Rocca began his career as a teenager, training under the legendary Stanislaus Zbyszko. In the United States, he began his career in Texas, but was quickly brought to New York in the late 1940s by Joseph "Toots" Mondt, the kingpin of wrestling in the Big Apple. Mondt shared Rocca with other promoters in the region, including a newcomer from Washington, D.C. named Vincent J. McMahon. Eventually, McMahon managed to convince Rocca to join his troupe full-time. This, along with his use of television, allowed McMahon to gain enough leverage to become the major player in the territory.

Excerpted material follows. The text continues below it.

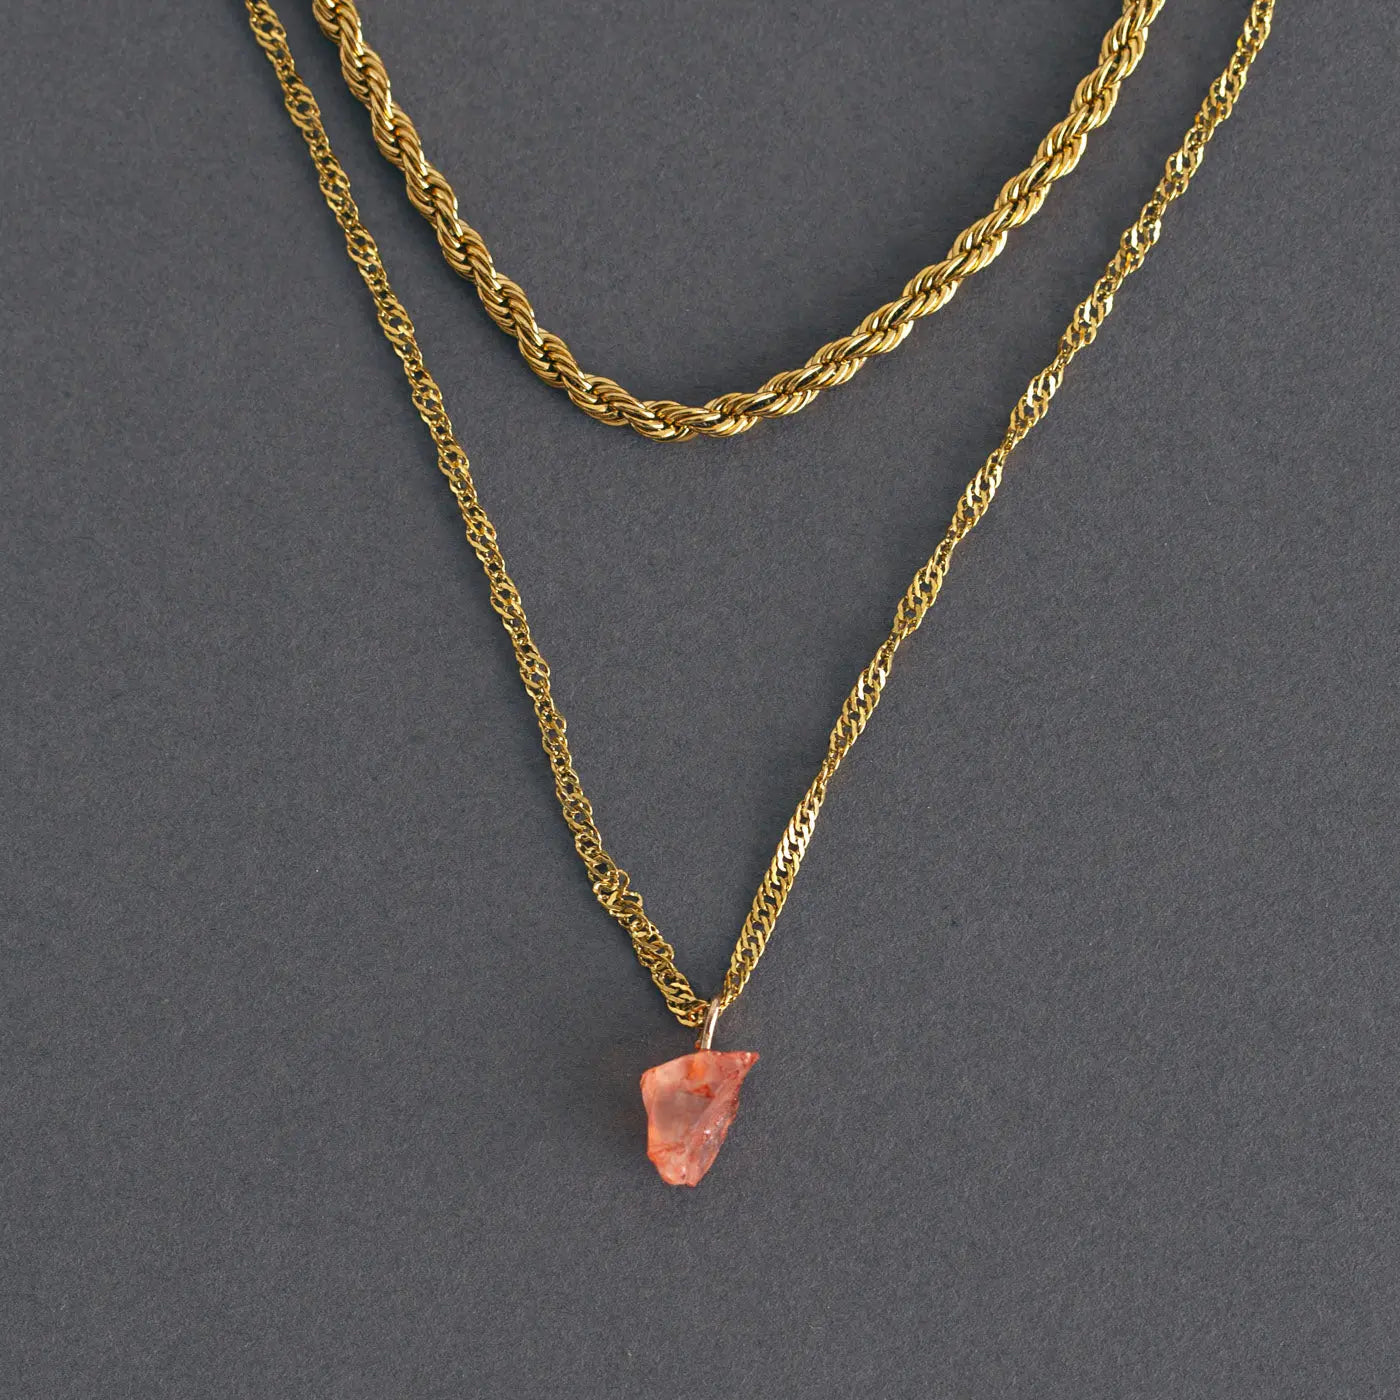 Isolde - Carnelian Necklace

Although Rocca never held a World Championship, it really didn't matter. In arenas like Madison Square Garden, he was such a big deal that his matches were always main events, even if the NWA World Champion was also competing on the card; the Argentine acrobat was the man the people came to see. During this period, only Gorgeous George was a bigger star, and on the East Coast Rocca was the uncontested king.
In the late 1950s, Rocca formed a partnership with Puerto Rican Superstar Miguel Perez, and the duo became the first holders of the United States Tag Team Championship, the title that would eventually evolve into today's World Tag Team Championship.
By the time WWE was created as an independent entity outside the NWA in 1963, Rocca had already given way to Bruno Sammartino as the company's top Superstar. In the 1970s, he returned to WWE as an announcer, calling the action with a very young Vincent K. McMahon. He did this right up until his untimely death in 1977.
Antonino Rocca is sometimes left off lists of the greatest Superstars in WWE history simply because he was around before the letters were. But Rocca was the first major Superstar promoted by the McMahon family, and no such list would be complete without him. In 1995, then-WWE Champion Diesel posthumously inducted Rocca into the WWE Hall of Fame, cementing his place amongst the elite.